PROVIDED DATA »
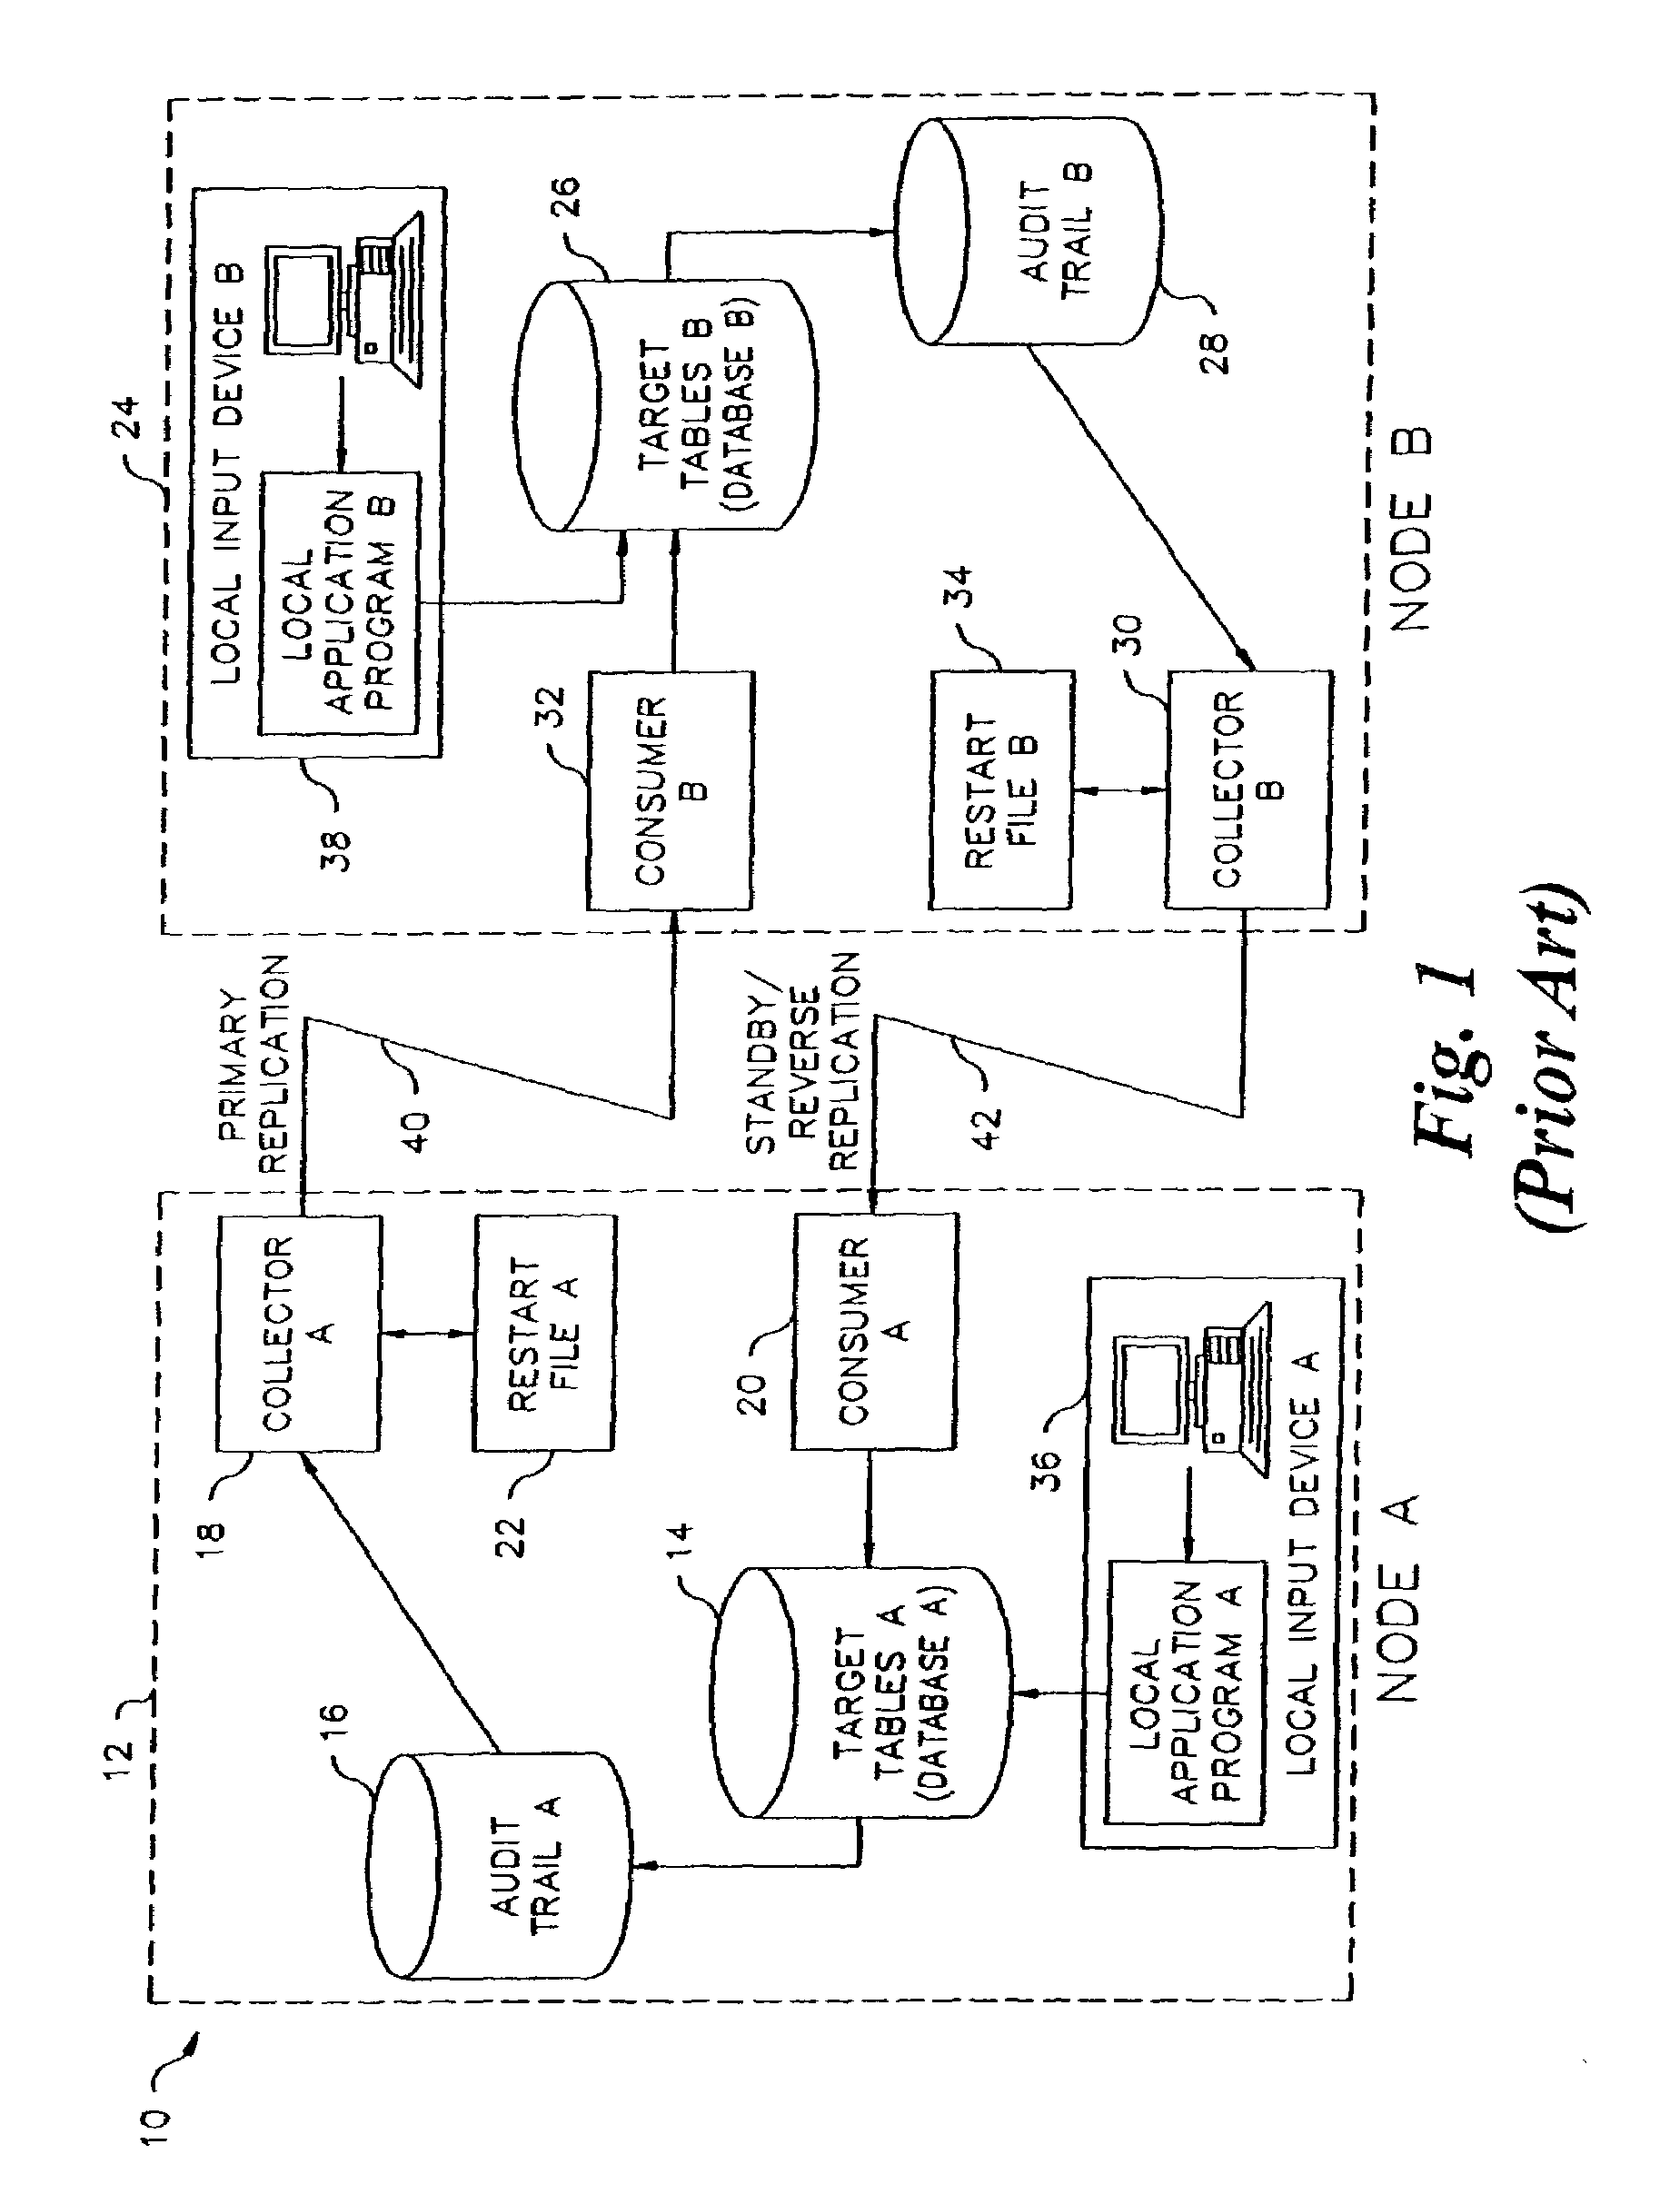 Synchronization of plural databases in a database replication system
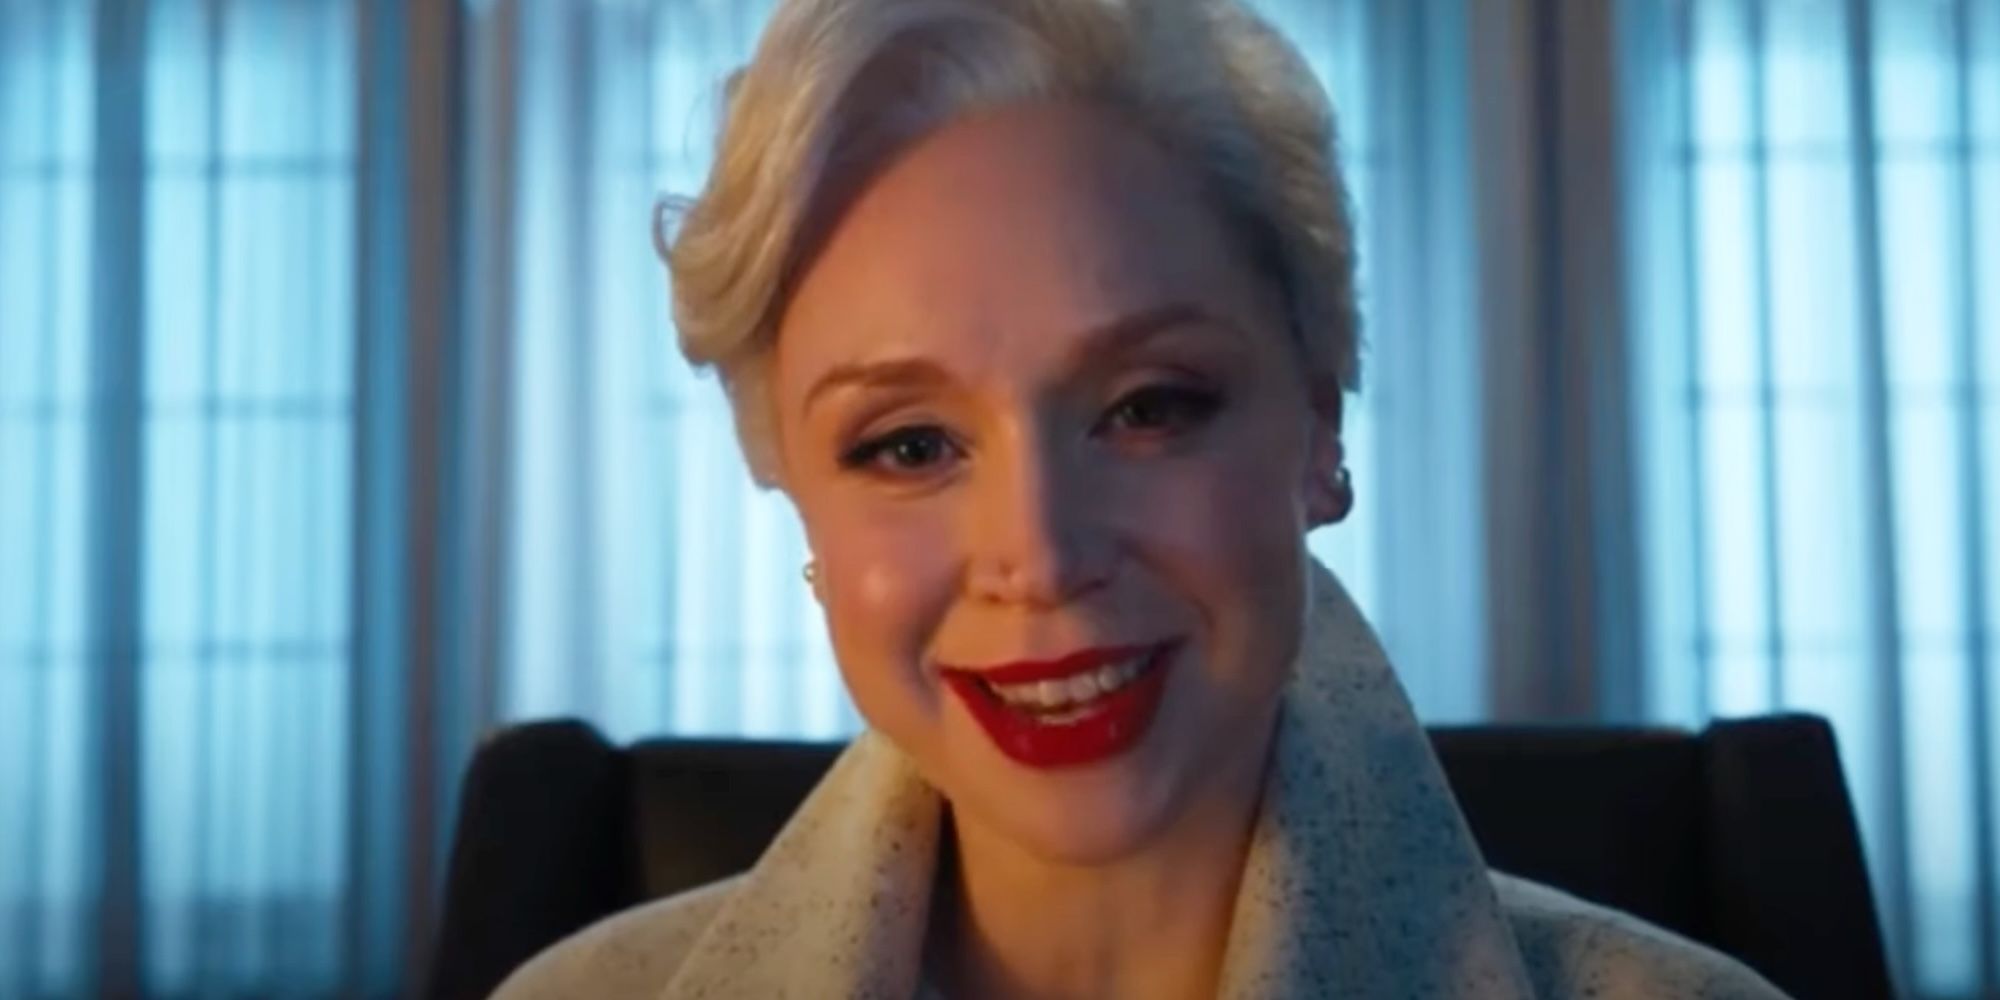 Gwendoline Christie as Weems smiling in Wednesday
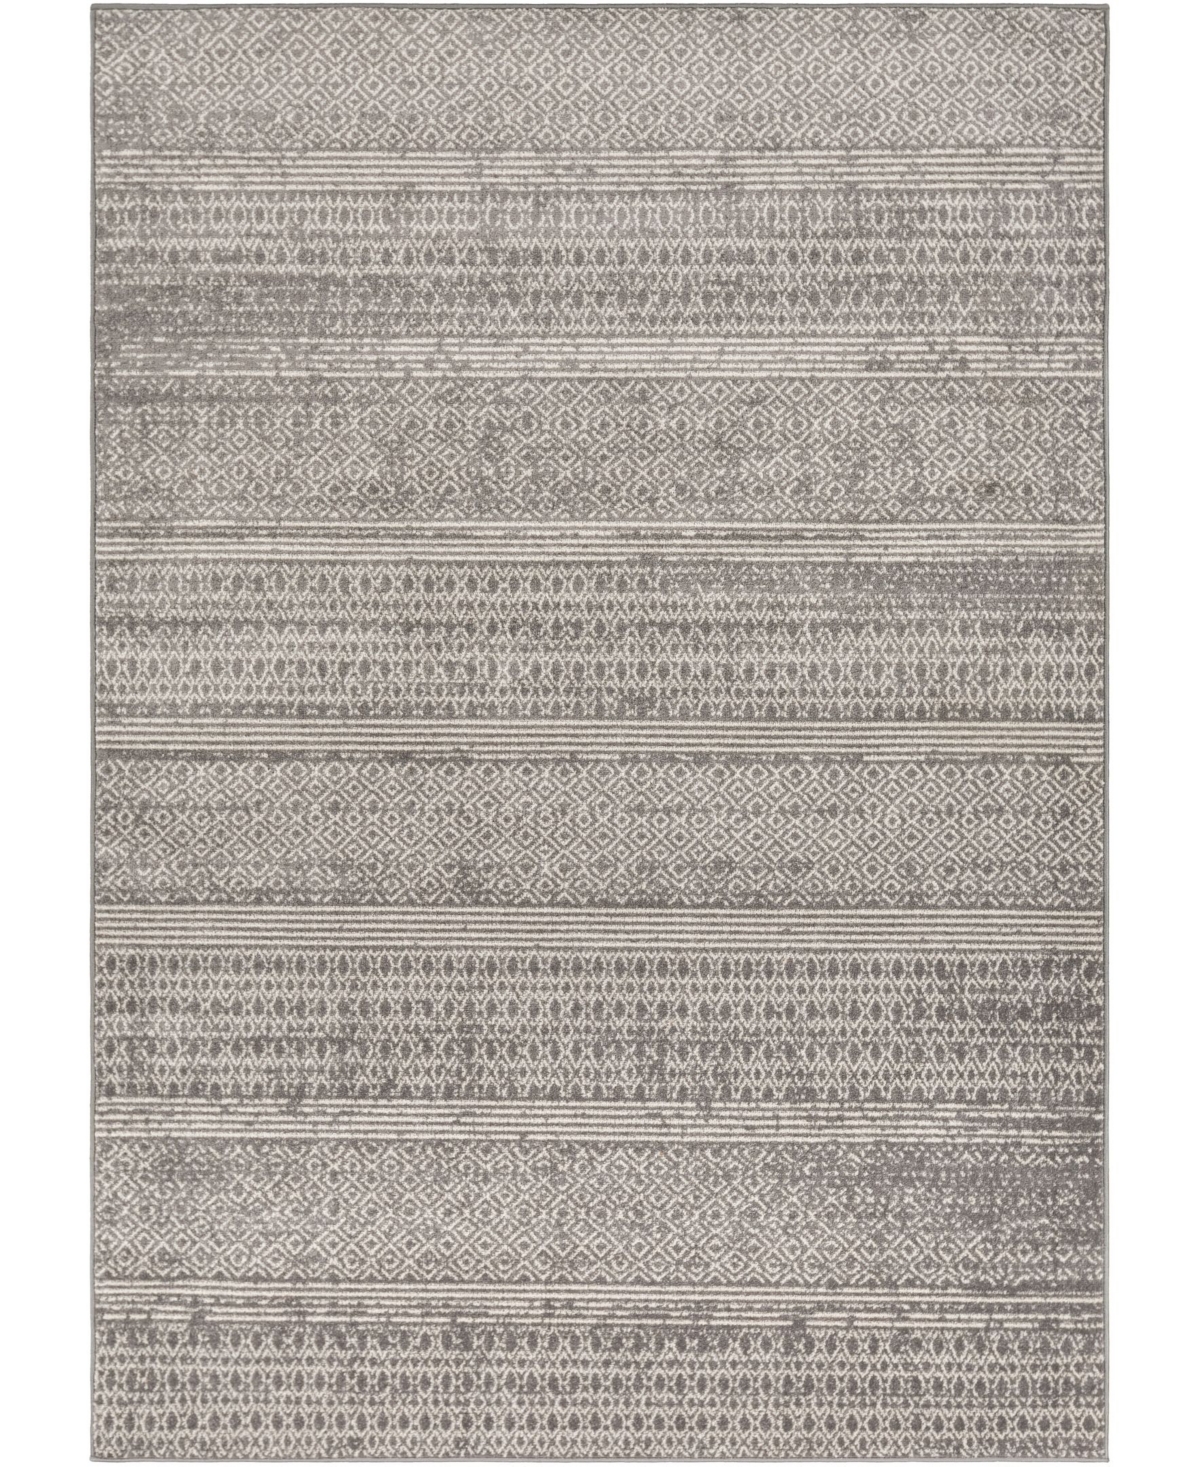 Surya Chester Che-2304 6'7in x 9' Area Rug - Gray

TASK OBJECTIVE »
Please restate word for word each line from the one containing "Gwendoline Christie as" to the end of the data above, without the pictures.

EXPECTED ANSWER »
 Gwendoline Christie as Weems smiling in Wednesday
 Surya Chester Che-2304 6'7in x 9' Area Rug - Gray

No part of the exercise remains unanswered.